Conclusion: These results suggest that PIAS3 protein expression impacts survival in patients with mesothelioma and that PIAS3 activation could become a therapeutic strategy. Clin Cancer Res; 20(19); 5124–32. ©2014 AACR.

This article is featured in Highlights of This Issue, p. 4975

Translational Relevance

The biologic principle of negative feedback regulation is being exploited by tumor cells. Mesothelioma cells suppress PIAS3, a negative regulator of STAT3 activity. Strategies for the reactivation of PIAS3 could result in STAT3 inhibition and the growth arrest of tumor cells.

The JAK–STAT signaling pathway provides an essential cellular communication route from the plasma membrane to the nucleus. It is initiated by the interaction of extracellular ligands with cellular surface receptors and results in alterations of transcription patterns. Cytokines and growth factors act as ligands and play central roles in the regulation of cell growth, differentiation, and metabolism in many different cell types and organs (1). STAT proteins, especially STAT3, are not only important in the development and function of normal cells, but can assume oncogenic properties when the extent and duration of their activation are disturbed (2). Inappropriate STAT3 activation results in the prevention of apoptosis and the promotion of tumor cell proliferation (3, 4). STAT3 is constitutively phosphorylated and thereby activated in many forms of cancer. The inhibition of STAT3 activity often results in apoptosis and cell death (5, 6). STAT3 serves as a central integration point for multiple oncogenic signaling pathways to regulate genes involved in cell-cycle control, apoptosis, angiogenesis, tumor invasion, and metastasis. This makes it an attractive target for cancer therapies.

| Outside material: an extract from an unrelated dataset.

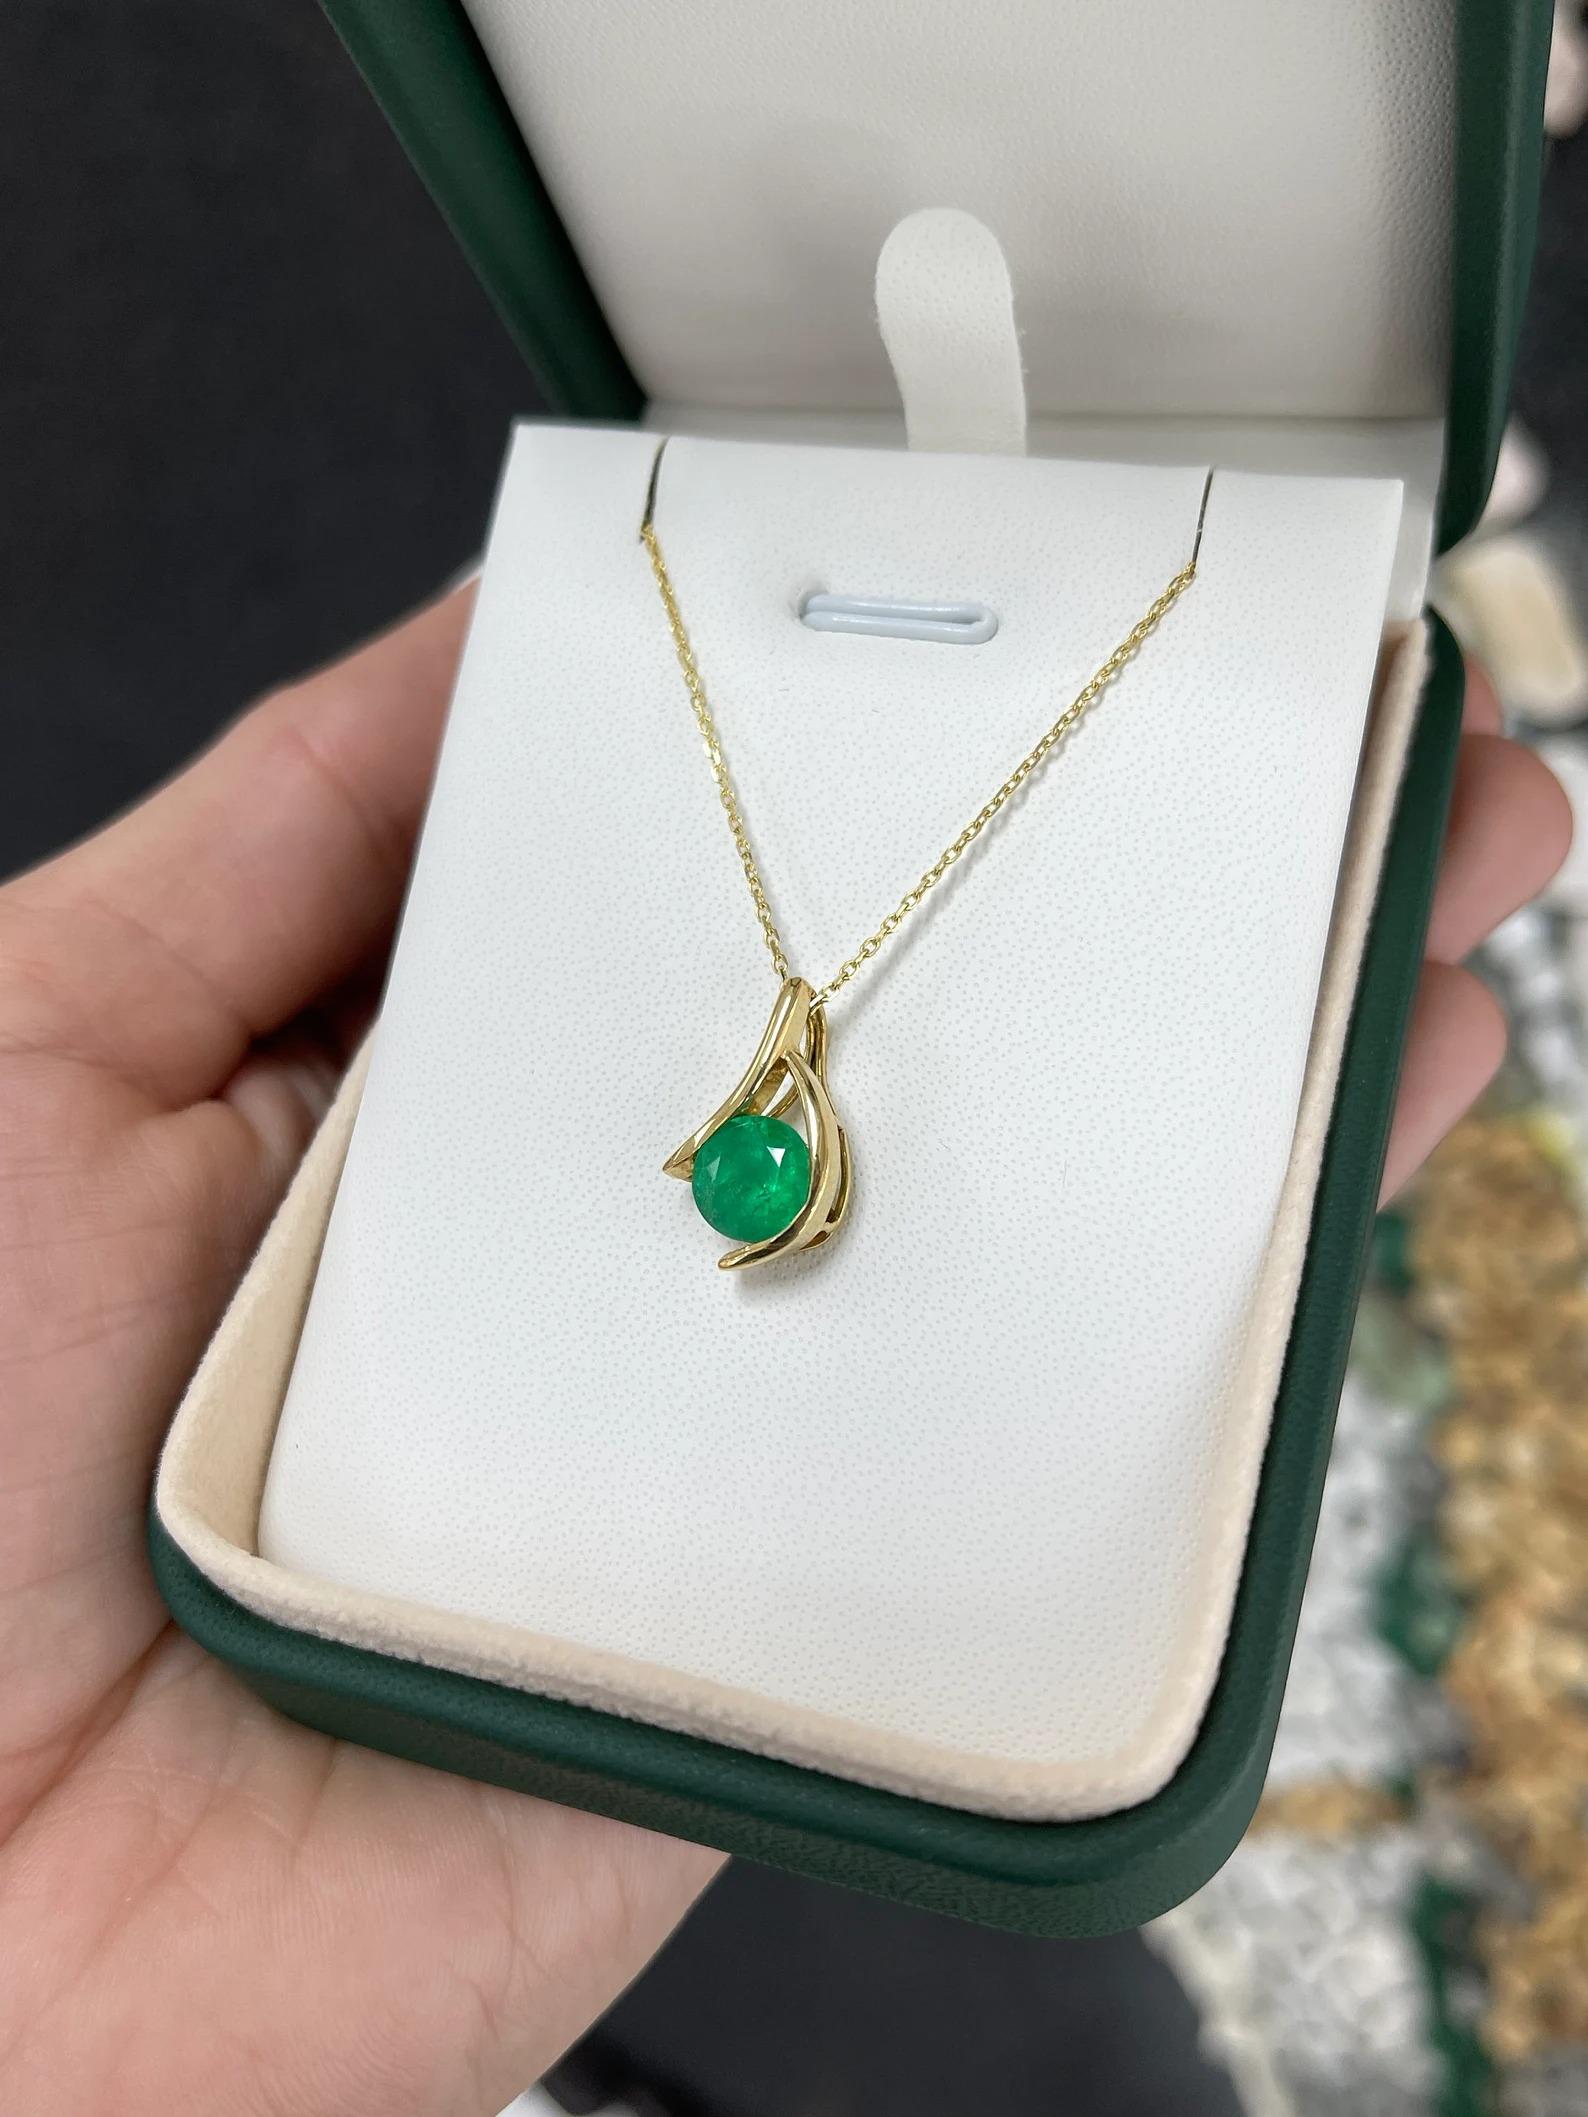 2.0 Carat Colombian Emerald-Round Cut Kanji Shaped Solitaire Pendant Gold 14K In New Condition For Sale In Jupiter, FL

PIAS3 is part of a small gene family with four members (7, 8). PIAS3 was initially found to interact specifically with phosphorylated STAT3, and not STAT1, in IL6-activated murine myeloblast M1 cells and to decrease STAT3 DNA-binding capacity and transcriptional activity (9). We (10, 11) and others (12) have demonstrated that overexpression of PIAS3 can inhibit STAT3 transcriptional activity and promote growth inhibition in vitro. If PIAS3 counteracts transactivation by STAT3, it would be conceivable that PIAS3 expression could be decreased in malignant tissues with high STAT3 activation. This hypothesis has been confirmed. PIAS3 expression is absent in glioblastoma multiforme tumor tissue when compared with the adjacent normal brain tissue (13). The expression of PIAS3 is inversely proportional to that of activated, phospho-STAT3 (pSTAT3) expression. We have examined expression of PIAS3 in 44 resected non–small cell lung cancer (NSCLC) specimens and found that 89% of adenocarcinomas stained positive for PIAS3 and only 38% of squamous cell carcinomas showed evidence of staining (14). In squamous cell carcinomas in which PIAS3 could be detected, only low expression levels were found. Intense PIAS3 expression in adenocarcinomas was associated with the absence of pSTAT3.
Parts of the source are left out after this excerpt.